The system must guarantee that a practitioner's time slot cannot be double-booked, even under concurrent load (90 bookings/second peak, with bursts). Two patients attempting to book the same (practitioner_id, slot_start) pair must result in exactly one confirmation and one conflict error.

The approaches evaluated were:

  1. PostgreSQL unique partial index — let the database engine enforce the constraint
  2. Redis distributed lock (SETNX / Redlock) — acquire a lock per (practitioner_id, slot_start) before writing to the DB
  3. Optimistic concurrency control — version column on the slot; retry on conflict
  4. Application-level serialisation — single-writer queue per practitioner

Decision

Enforce double-booking prevention with a PostgreSQL unique partial index on the bookings table:

CREATE UNIQUE INDEX idx_no_double_book
  ON bookings (practitioner_id, slot_start)
  WHERE status = 'confirmed';

This index makes it physically impossible for two rows with the same (practitioner_id, slot_start) to both have status = 'confirmed'. The partial index (WHERE status = 'confirmed') means cancelled bookings do not consume a slot — the same slot can be rebooked after a cancellation without any index cleanup.

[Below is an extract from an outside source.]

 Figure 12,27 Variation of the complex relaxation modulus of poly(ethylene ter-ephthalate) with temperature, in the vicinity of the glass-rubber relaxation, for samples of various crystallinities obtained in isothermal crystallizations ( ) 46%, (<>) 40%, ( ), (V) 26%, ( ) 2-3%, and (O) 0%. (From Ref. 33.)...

A Redis pre-check is used as a fast path to reduce contention under load, but it is not the correctness gate:

1. Redis GETBIT availability:{practitioner_id}:{date} {slot_index}
   → If bit is 0 (slot taken), reject early — no DB round-trip needed
2. INSERT INTO bookings ... ON CONFLICT DO NOTHING RETURNING id
   → Unique index enforces correctness; zero rows returned = conflict

Consequences

Positive:

  • The correctness guarantee lives entirely within the database — no additional distributed infrastructure to deploy, monitor, or reason about.
  • No lock expiry edge cases. A distributed lock (Redlock) requires careful TTL tuning: too short and the lock expires during a slow DB write; too long and a crashed lock holder blocks the slot until the TTL expires.
  • The partial index is transparent in the query plan and auditable via EXPLAIN.
  • Cancellations are handled correctly by design: UPDATE SET status = 'cancelled' removes the row from the partial index, immediately freeing the slot for rebooking.
  • The Redis pre-check is additive — it reduces DB contention but the system is correct without it (fallback is automatic if Redis is unavailable).

Negative:

  • Under high contention on a popular slot, multiple concurrent INSERT attempts will compete at the DB level. The unique index resolves conflicts with a serialisation error, but all losing transactions have already consumed a DB round-trip. The Redis pre-check reduces (but does not eliminate) this wasted work.
  • The constraint is enforced at the DB layer, so application code must handle UniqueViolation (error code 23505) and translate it into a user-facing "slot no longer available" response.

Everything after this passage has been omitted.